Он так много говорил о силе духа не потому, что ею обладал, а потому, что к ней стремился. Оказавшись лицом к лицу с несчастьем, он хныкал и впадал в уныние. Ужас перед нищетой, который постоянно его преследовал, был симптомом более глобального беспокойства, страха перед реальностью. Он не доверял всем и каждому, потому что ощущал собственную ненадежность. Он залезал в долги, он приходил в ярость без всякой причины и мог сбежать или пойти на уступки в самый неподходящий момент. Его не интересовал этот скучный и все не угрожающий мир. Когда он пишет, что "ревность подчиняет себе и в то же время объединяет все другие страсти", он дает точное описание своего собственного опыта. Эротизм кажется ему единственным возможным наполнением существования. И если он посвятил себя ему с такой энергией, таким бесстыдством и неистовством, то потому, что предпочел жить в мире воображаемом, потому, что придавал большее значение фантазиям, которыми опутывал акт наслаждения, чем ему самому.
В случае Сада скандал был, по-видимому, неизбежен. Возможно, единственным способом получить удовлетворение от своего тайного триумфа было сделать его явным. Он играл с огнем и считал себя хозяином положения, но общество, желавшее безраздельного господства над человеком, было начеку. Оно цепко ухватилось за его тайну и классифицировало ее как преступление.

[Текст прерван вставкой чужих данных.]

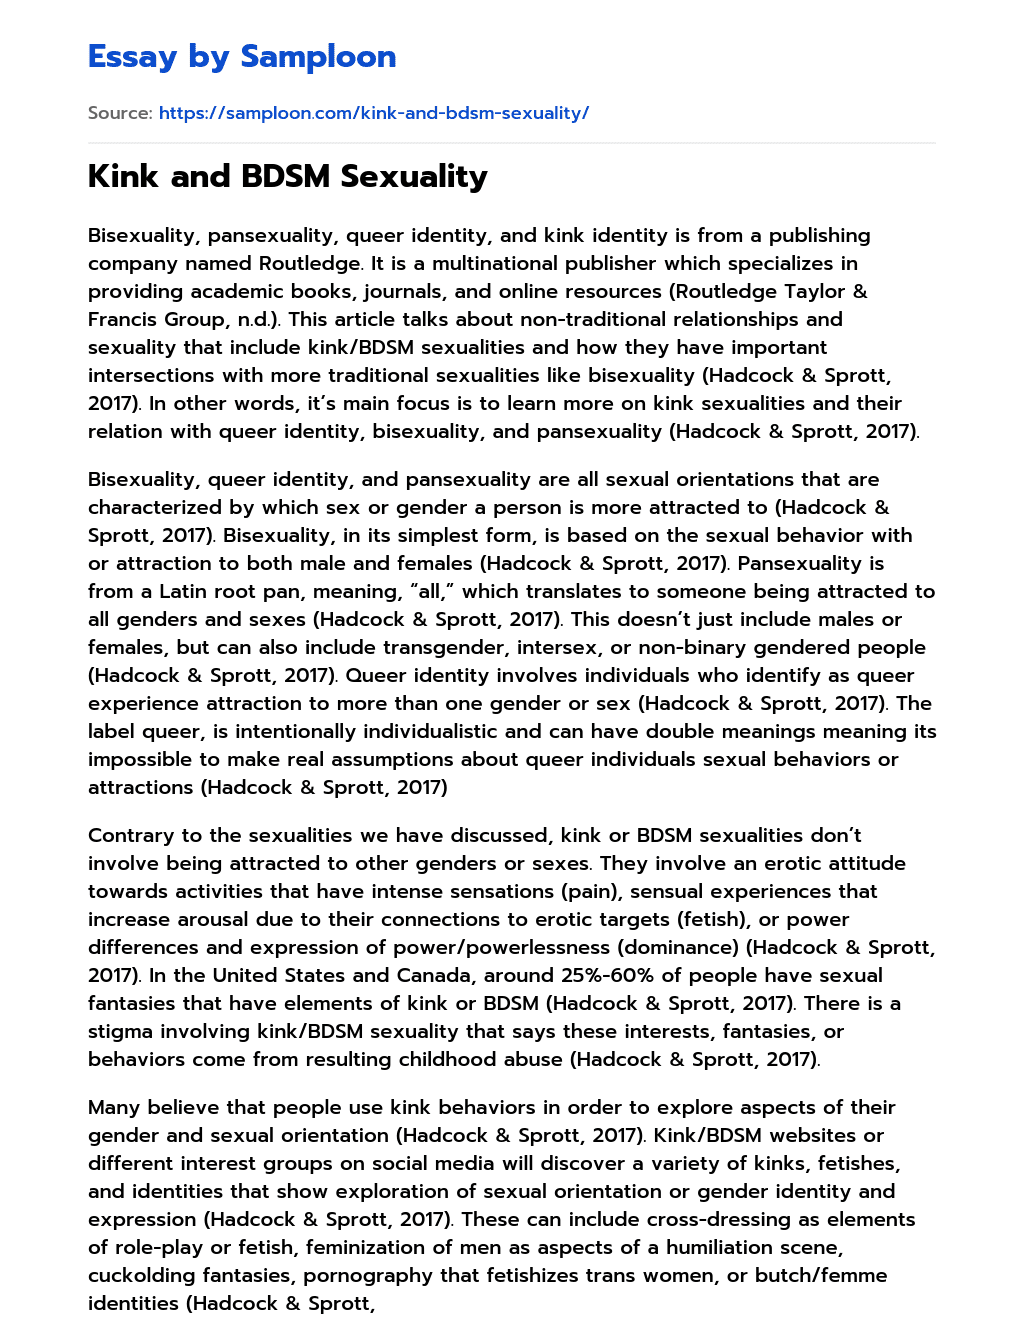 Kink and BDSM Sexuality essay

Хотя первой реакцией Сада были стыд и раскаяние, он слишком ценил свои развлечения, чтобы их оставить. Вместо этого он решил избавиться от чувства стыда, бросив вызов обществу. Весьма примечательно, что его первая преднамеренная скандальная демонстрация имела место сразу после выхода из тюрьмы. Он приехал в свой замок в сопровождении любовницы, которая под именем мадам де Сад пела и танцевала перед прованской знатью.
Близкое общение с женой показало Саду, как пресна и скучна добродетель, и он восставал против добродетели со всей силой отвращения, которое только может испытывать существо из плоти и крови. Но с помощью той же жены он, к своему восторгу, обнаружил, как легко может быть поругано Добро в его облеченной в плоть форме. Жена не была для него врагом, но, как все жены, она воплощала в себе добровольную жертву и сообщницу. Отношения де Сада с маркизой, вероятно, нашли почти полное отражение в описании отношений Бламона с его женой. Бламон находит особое удовольствие в том, чтобы необыкновенно ласково обращаться с женой именно в те моменты, когда он лелеет в душе самые черные замыслы. Нанести удар, когда ожидают радости - в этом может заключаться одно из высочайших проявлений воли тирана, и Сад понял это за сто пятьдесят лет до психоаналитиков. Мучитель, замаскированный под влюбленного, наслаждается видом жертвы, преисполненной благодарности, принимающей жестокость за нежность. Несомненно, именно возможность соединения таких невинных наслаждений с выполнением социального долга позволила Саду иметь троих детей от жены.
Он и в дальнейшем имел приятную возможность наблюдать, как добродетель становится союзницей и прислужницей греха. Мадам де Сад прикрывала проступки мужа в течение многих лет. Она с большим искусством организовала его побег из тюрьмы, она поощряла его интригу с собственной сестрой, оргии в замке Ла Косте происходили при ее участии. Она зашла настолько далеко, что скомпрометировала себя, когда подложила серебро в вещи горничной, чтобы дискредитировать ее обвинения против маркиза. Сад никогда не проявлял ни малейшей благодарности, одно упоминание о таком свойстве, как благодарность, приводило его в бешенство. Но вполне возможно, что он чувствовал к жене своеобразное расположение, свойственное деспоту по отношению к своей безусловной собственности. Если Рене-Пелаж несомненно представляла собой большой успех Сада, то мадам де Монтрейль стала воплощением его поражения. Она была носителем абстрактной и универсальной справедливости, которая с неизбежностью противостоит индивидуальности. В лице тещи враждебное общество проложило дорогу в дом Сада, отравило ему удовольствия, и он отступил перед его мощью. Опороченный и обесчещенный, он начал сомневаться. Виновным становится только обвиненный человек, мадам де Монтрейль обвинила его и сделала из него преступника. Вот почему он никогда на переставал мстить ей в своих книгах - в ней он убивал собственную вину.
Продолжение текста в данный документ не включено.